→ **Task instructions**:
Omit the pictures from the entries below and retype everything else exactly.

→ **Task data**:
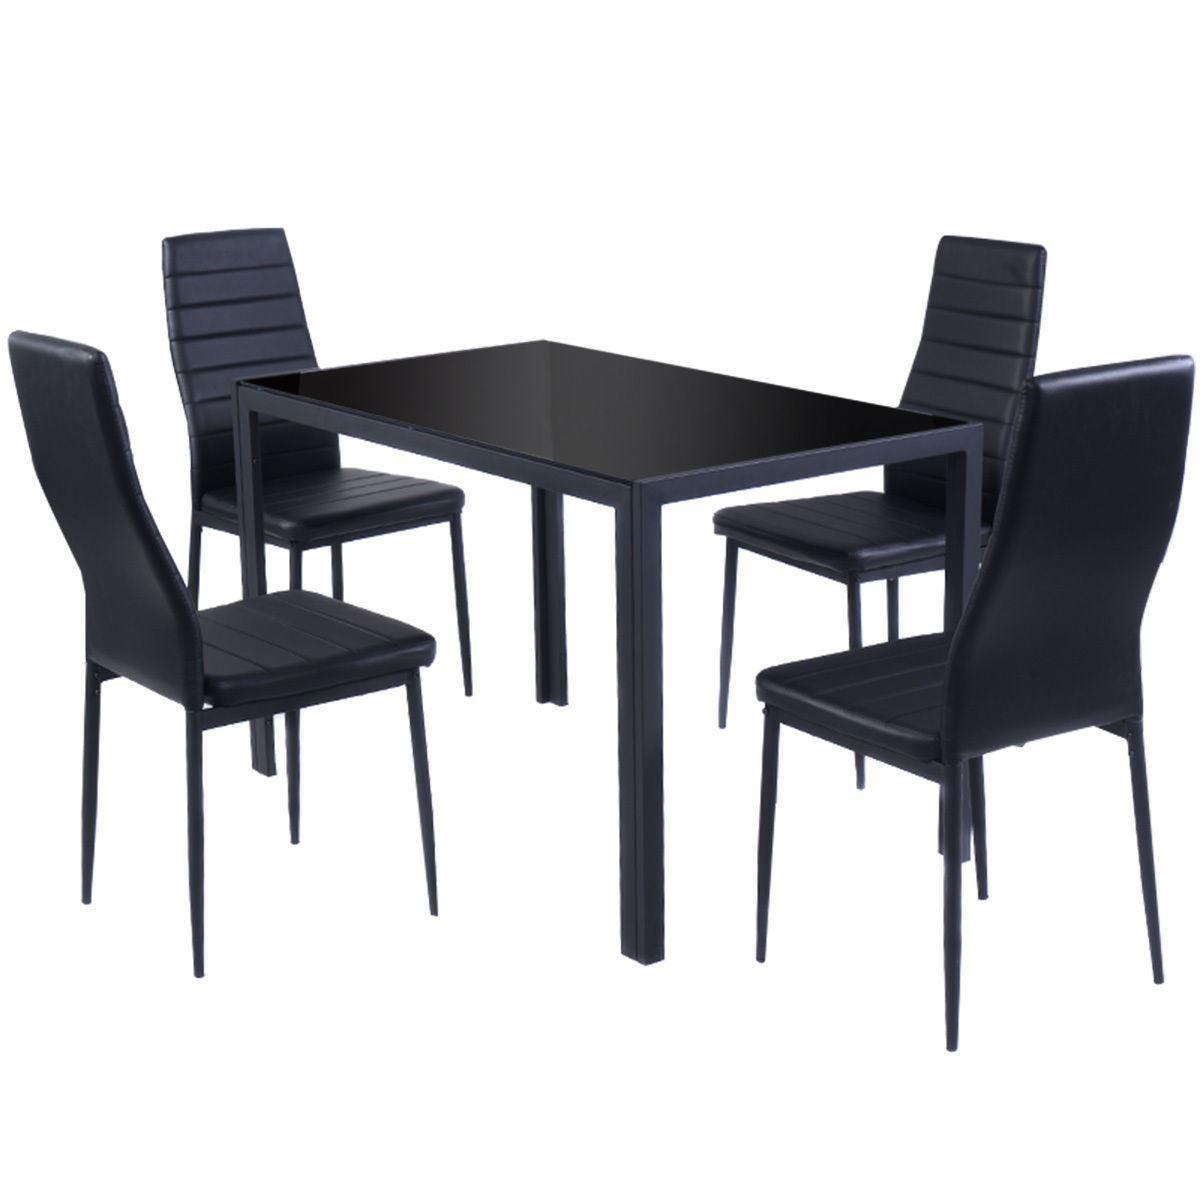 Picture of Kitchen Furniture Set - Black
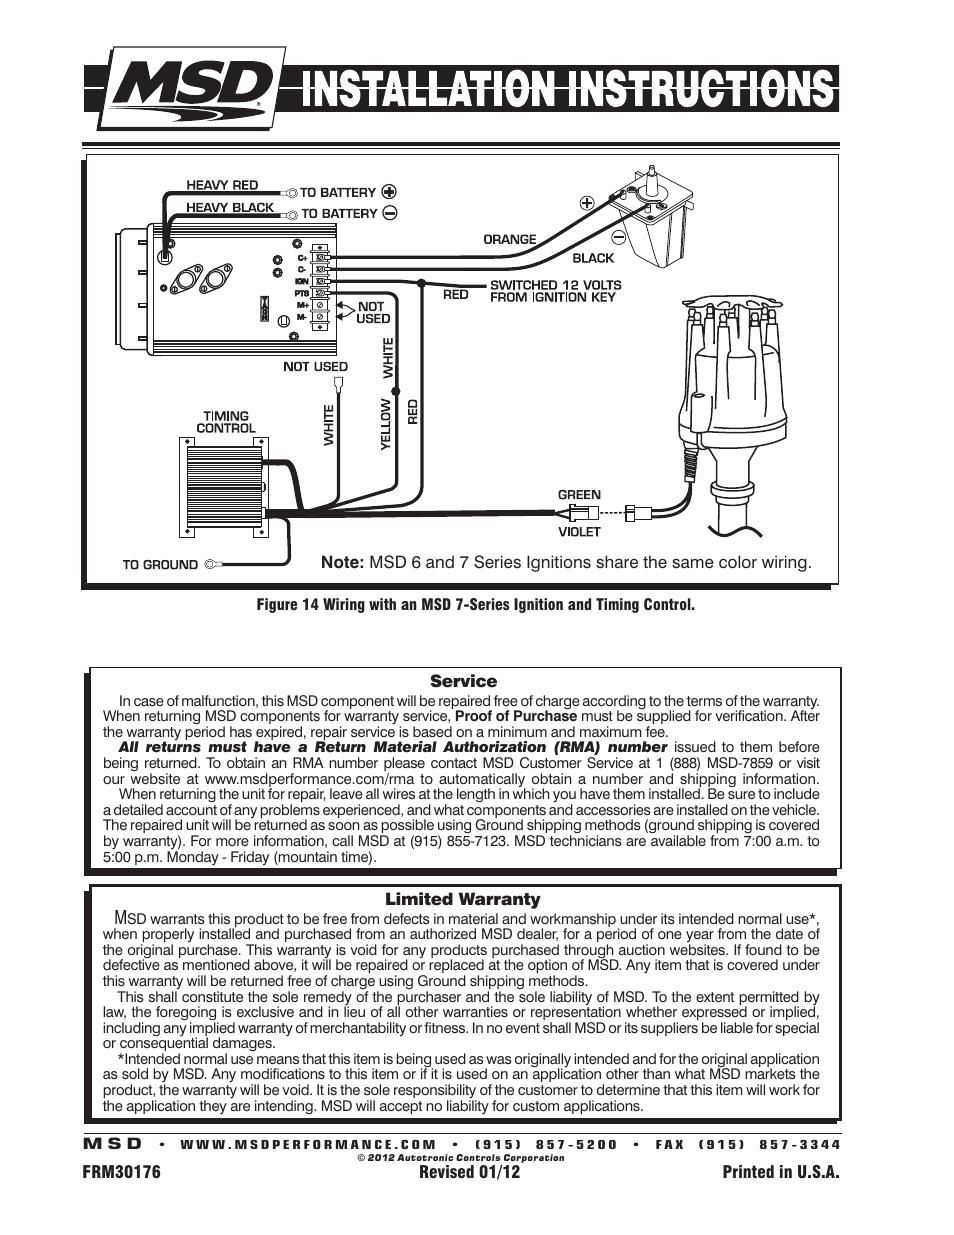 medium resolution of msd 8363 cadillac v8 distributor w vacuum advance installation user manual page 8 8
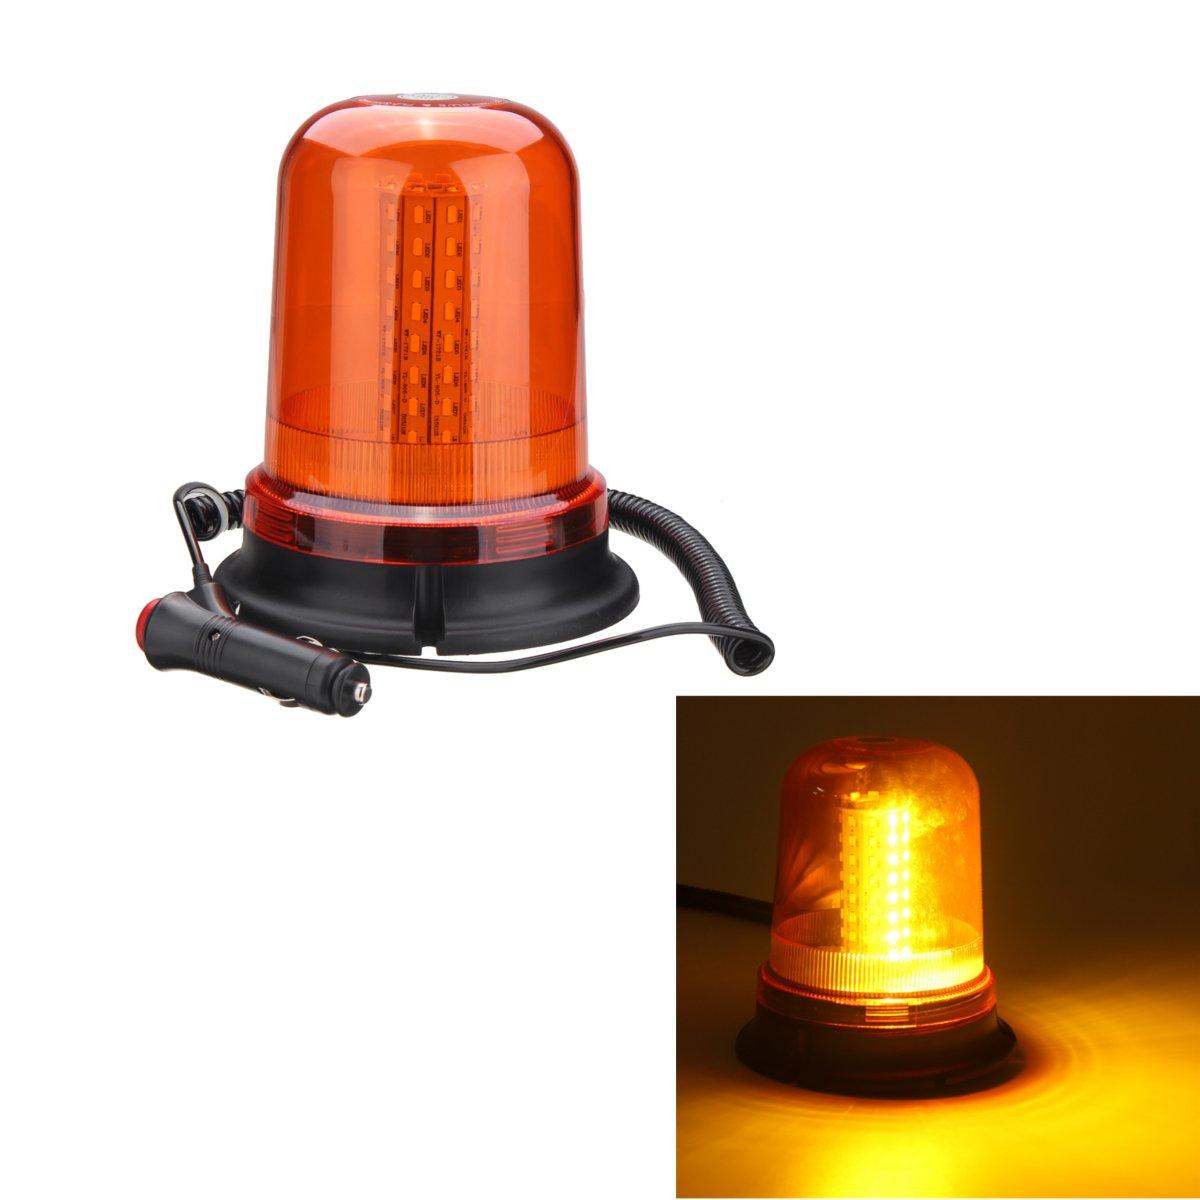 12-24V 80 LED Magnetic Mount Rotating Flashing Amber Dome Beacon Recovery Warning Light addi 12 80
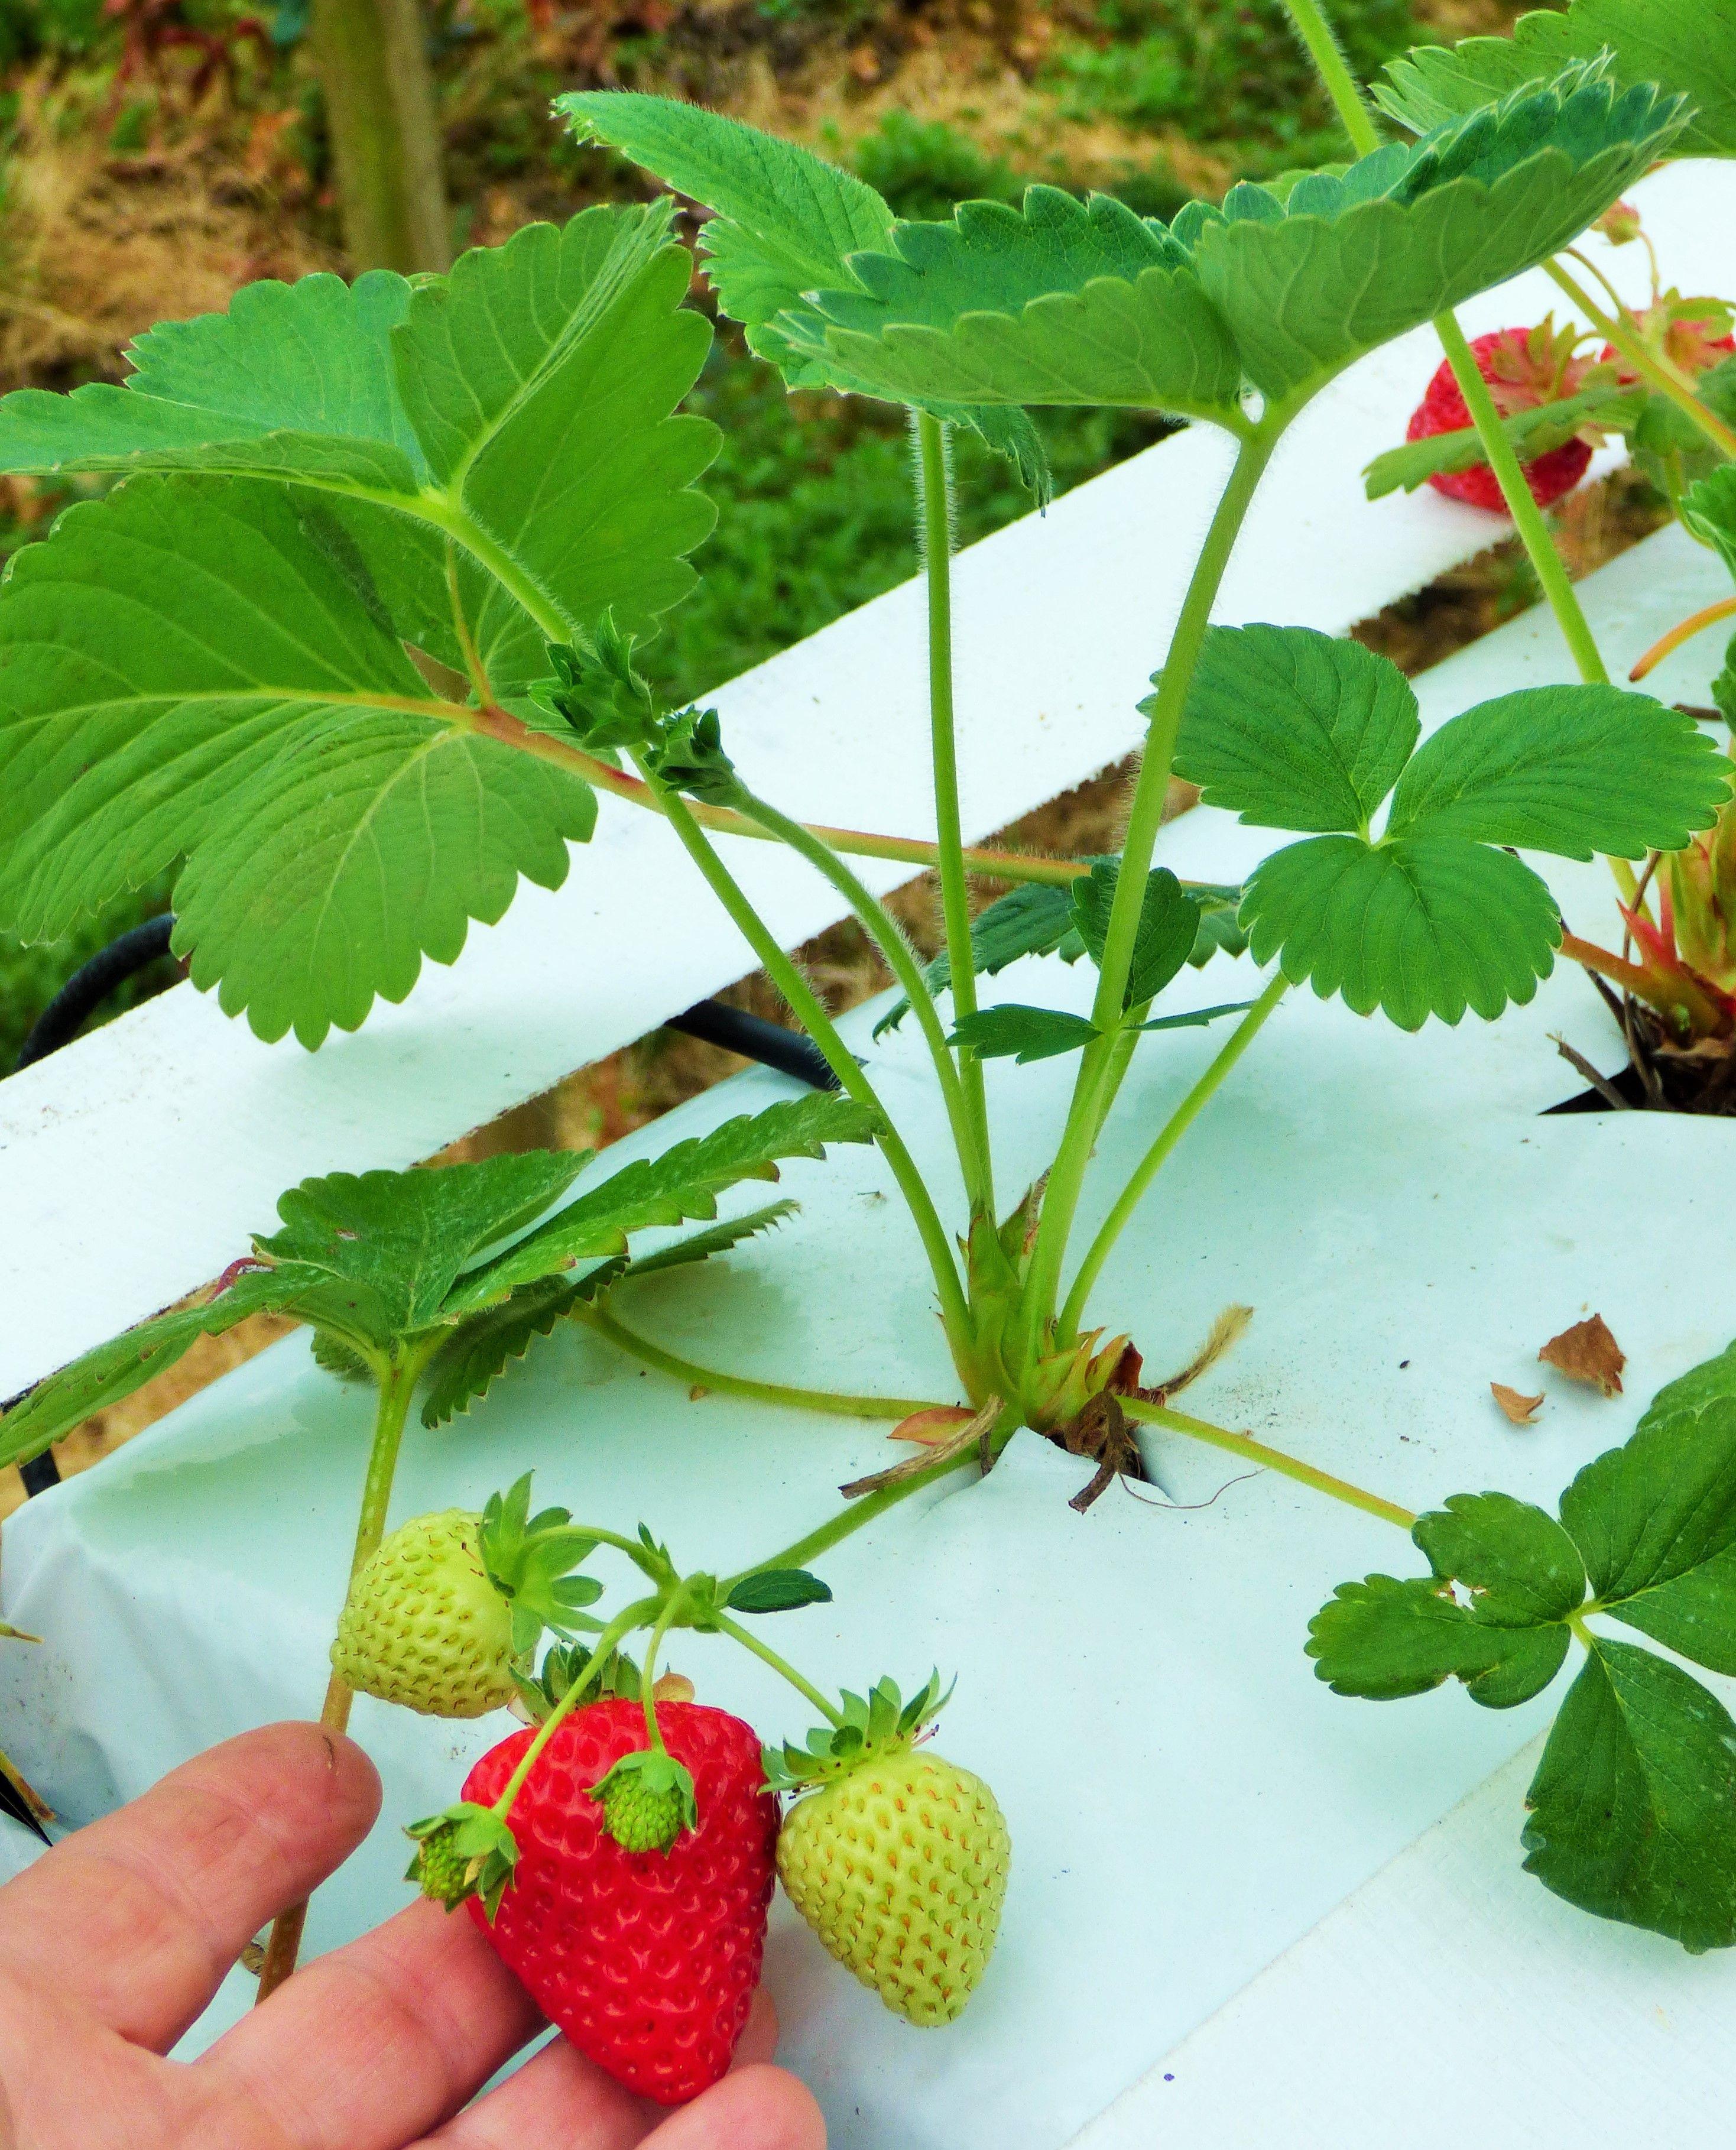 Strawberry Hydroponics Fragaria Albion Ornamental Plants Strawberry Hydroponics
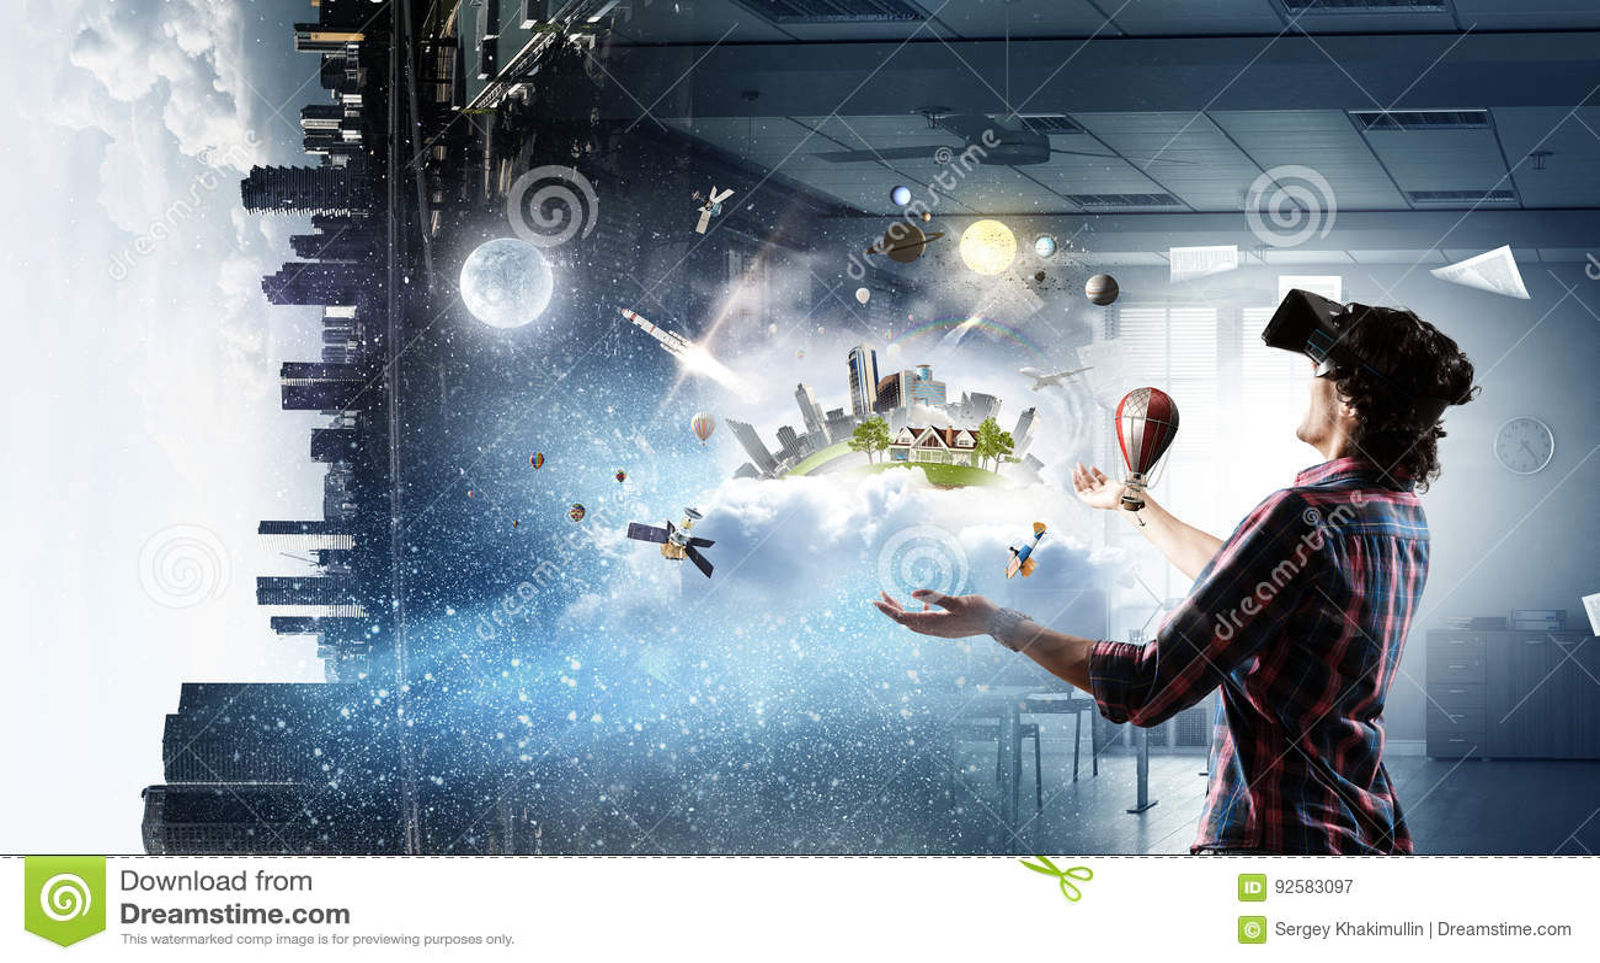 Most impressive entertainment technologies. Mixed media

→ **Response to the exercise**:
 Picture of Kitchen Furniture Set - Black
 medium resolution of msd 8363 cadillac v8 distributor w vacuum advance installation user manual page 8 8
 12-24V 80 LED Magnetic Mount Rotating Flashing Amber Dome Beacon Recovery Warning Light addi 12 80
 Strawberry Hydroponics Fragaria Albion Ornamental Plants Strawberry Hydroponics
 Most impressive entertainment technologies. Mixed media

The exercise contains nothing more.